Als besonders prekär schilderte der Gewerkschafter die Lage in den Berufskollegs: »Viel zu wenige Lehrer, viel zu volle Klassen und keine Konzeption.« So dürfte man die Träger des Bildungssystems nicht einfach allein lassen: »Namentlich vom städtischen Schuldezernenten Albrecht Peter Pohle sollte man hier mehr Engagement erwarten.« Kritik äußerte Engels auch an den Kammern: »Die Ausbildungsberater besuchen viel zu oft nur dieselbe Klientel.«
Konkrekt fordert Engels die Gründung eines Netzwerks, in dem Fachleute Jugendliche ohne Ausbildungsplatz über Qualifizierungsmaßnahmen beraten und versuchen, sie an Betriebe zu vermitteln. Ein »Patenpool« solle dafür sorgen, dass genügend persönliche Ansprechpartner zur Verfügung stehen.

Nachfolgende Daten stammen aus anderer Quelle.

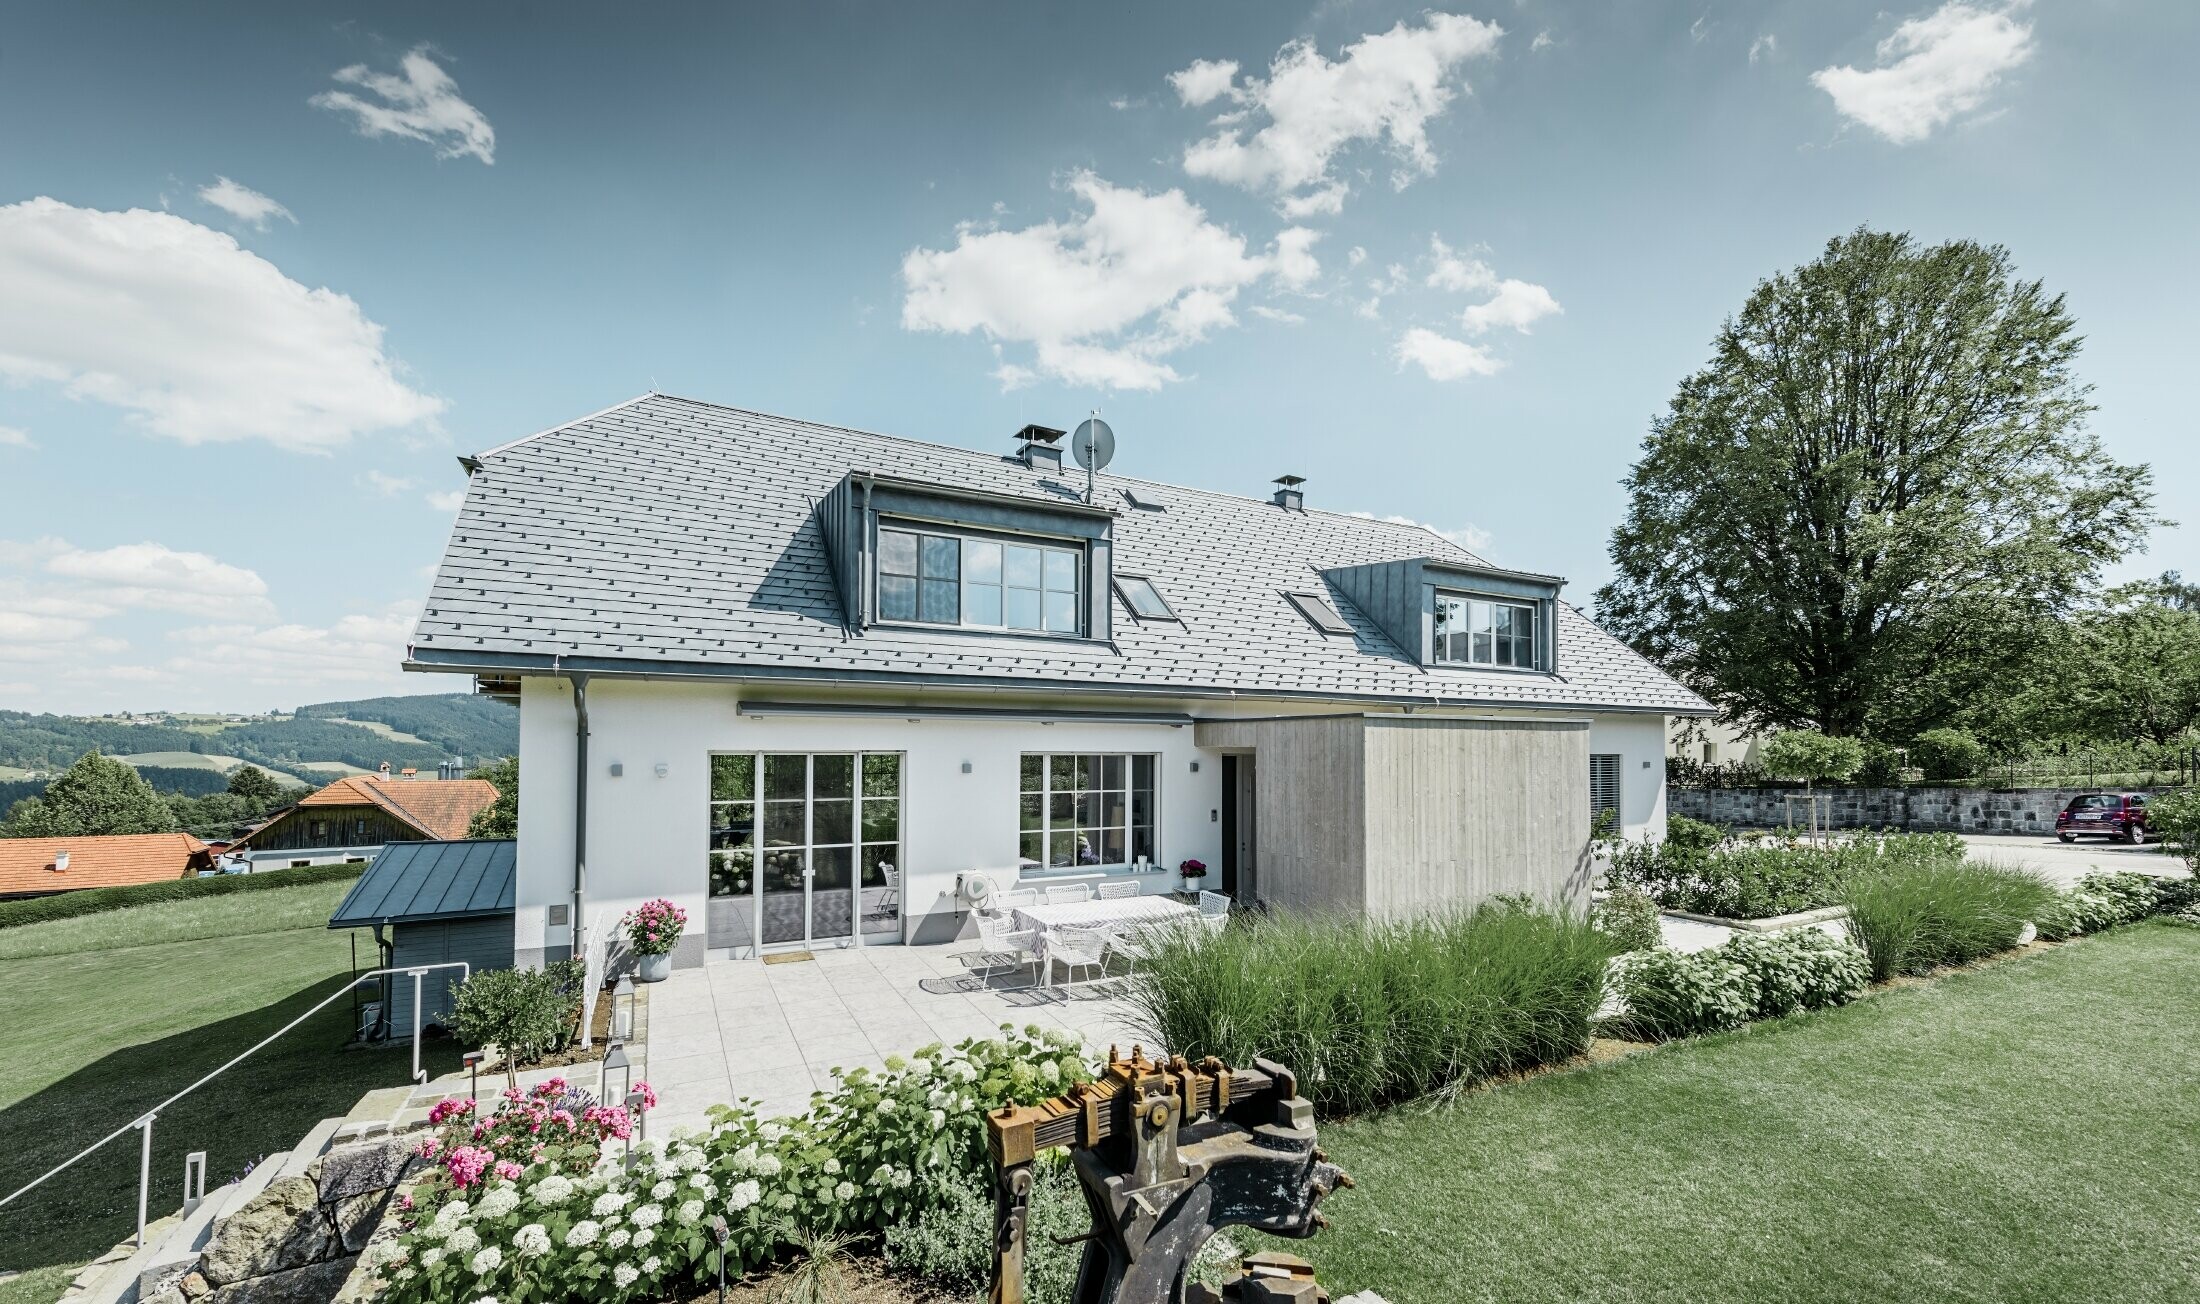 Klassisk enebolig med halvvalmtak – Huset med takrenovering med PREFA-takshingel i steingrå med vakkert opparbeidet hage og romslig terrasse.

Frei werdende Ausbildungsplätze beispielsweise durch Abbrecher oder Jugendliche, die sich kurzfristig für eine andere Lehrstelle entscheiden, müssten schneller wieder zur Verfügung stehen. Für die Arbeit der Ausbildungsplatz-Akquisiteure sei eine Koordinierungsstelle einzurichten. Zudem solle das Bielefeld-Netzwerk die Koordinierung von Verbund-Ausbildungsplätzen übernehmen. Schließlich gebe es auch zu wenige Vollzeit-Schulausbildungen, bei denen die Teilnehmer einen Kammerabschluss erwerben könnten.
Engels schloss mit einem Appell an Verwaltung und Politik in der Stadt: »Tut endlich was!« Alles andere sei unerträglich.